When confronted with the diversity and variety of tools available to them, prospective developers need information about quality and stability to make an informed choice. The cost of using poorly-tested or unsupported tools can be significant, and difficulties with such tools often arise only later in the software development lifecycle, which further compounds such costs and risk to the project. While quality is often arguably subjective and undoubtedly context-specific, there are a number of measures that can help provide developers with a more complete picture about the status, maturity, and activity of a project—criteria that will allow them to make more informed choices for themselves about the tools they employ.

At the same time, it is very difficult for many projects and small open source communities to individually support the infrastructure that is required to provide sufficient indicators of quality, stability, and healthy community growth to their prospective users. Creating, configuring, and maintaining such infrastructure requires significant engineering effort.
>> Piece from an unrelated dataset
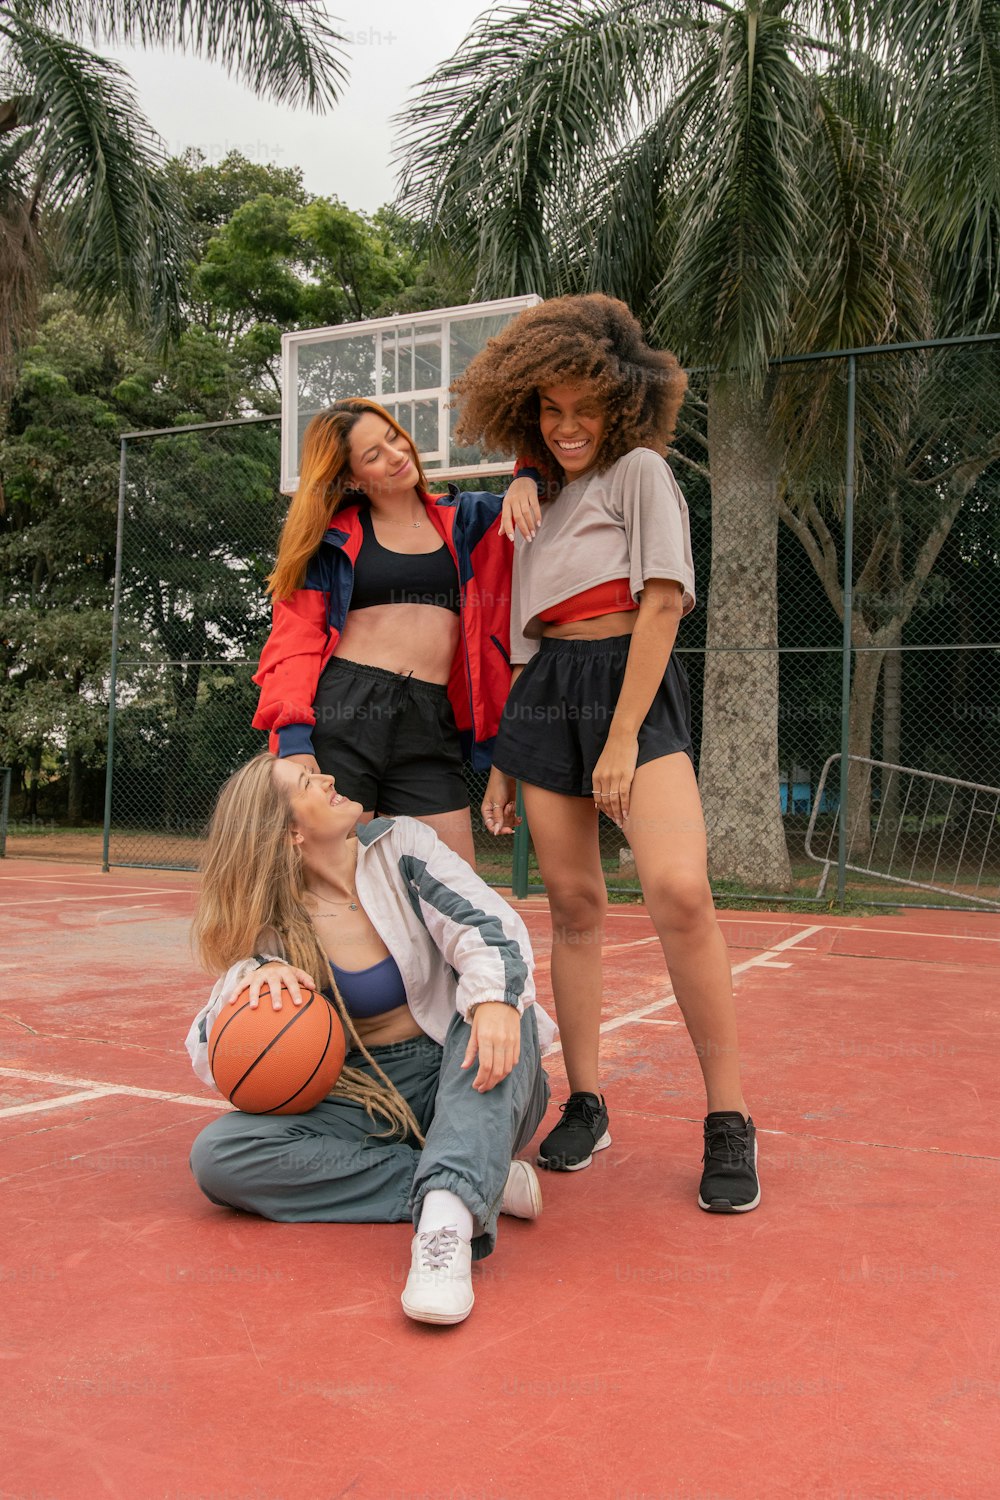 농구 코트 위에 서 있는 한 무리의 젊은 여성들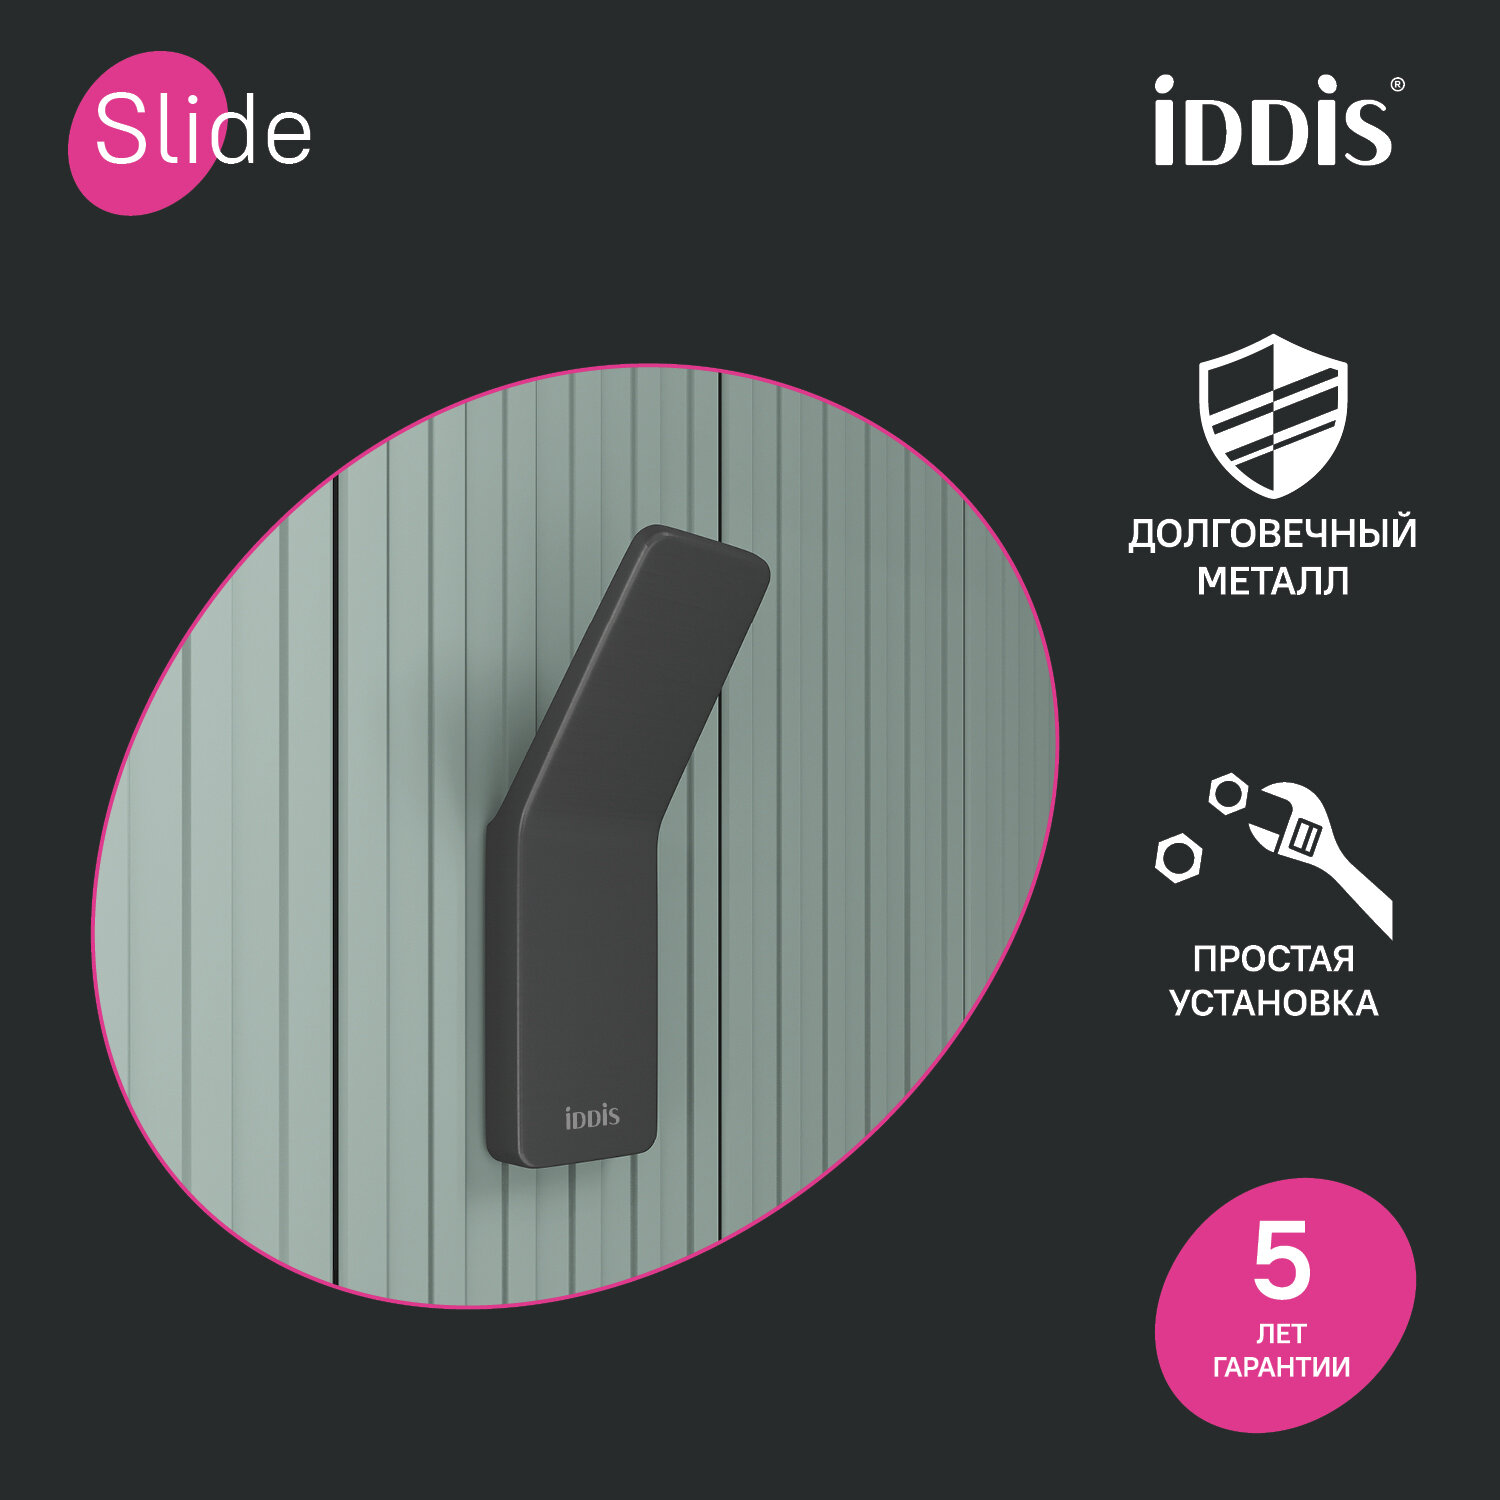 Крючок IDDIS Slide SLI10i41

The Prosperity4All Quality Infrastructure (QI) will address this by providing automated tools for continuous integration, testing, configuration and deployment, as well as collecting and sharing information about the health of projects within the Developer Space.

For further background information from a functional perspective about how the QI relates to the Developer Space, and the Prosperity4All ecosystem in general, please refer to D103.1 Foundational Design for Prosperity4All, particularly Figure 7 titled 'Interaction flows when user is searching for products or services.'

Motivations

The open source ecosystem is thriving today in part due to the popularity of code sharing services such as GitHub and Bitbucket. Developers (such as those represented by the SP1 persona James McFarland) are able to find software projects online that others have provided and use them in their own projects. But the sheer volume of tools and libraries available at one's disposal presents a challenge for developers such as James, who have to devote a considerable amount of time evaluating a library's quality before committing to its use. A software project's quality can be evaluated based on a variety of "health indicators," such as how active it is, how many contributors it has, whether it uses automated tests, and how often those tests fail when system changes are integrated the primary repository. For example, if James searched for "javascript charting library" on GitHub, he would have to evaluate each of the resulting projects based on these criteria—a manual and time consuming process. The P4A Quality Infrastructure (QI) will support the collection and organization of information that can be used to judge the “health” of a project – information that will help developers like James make decisions about projects in the Developer Space.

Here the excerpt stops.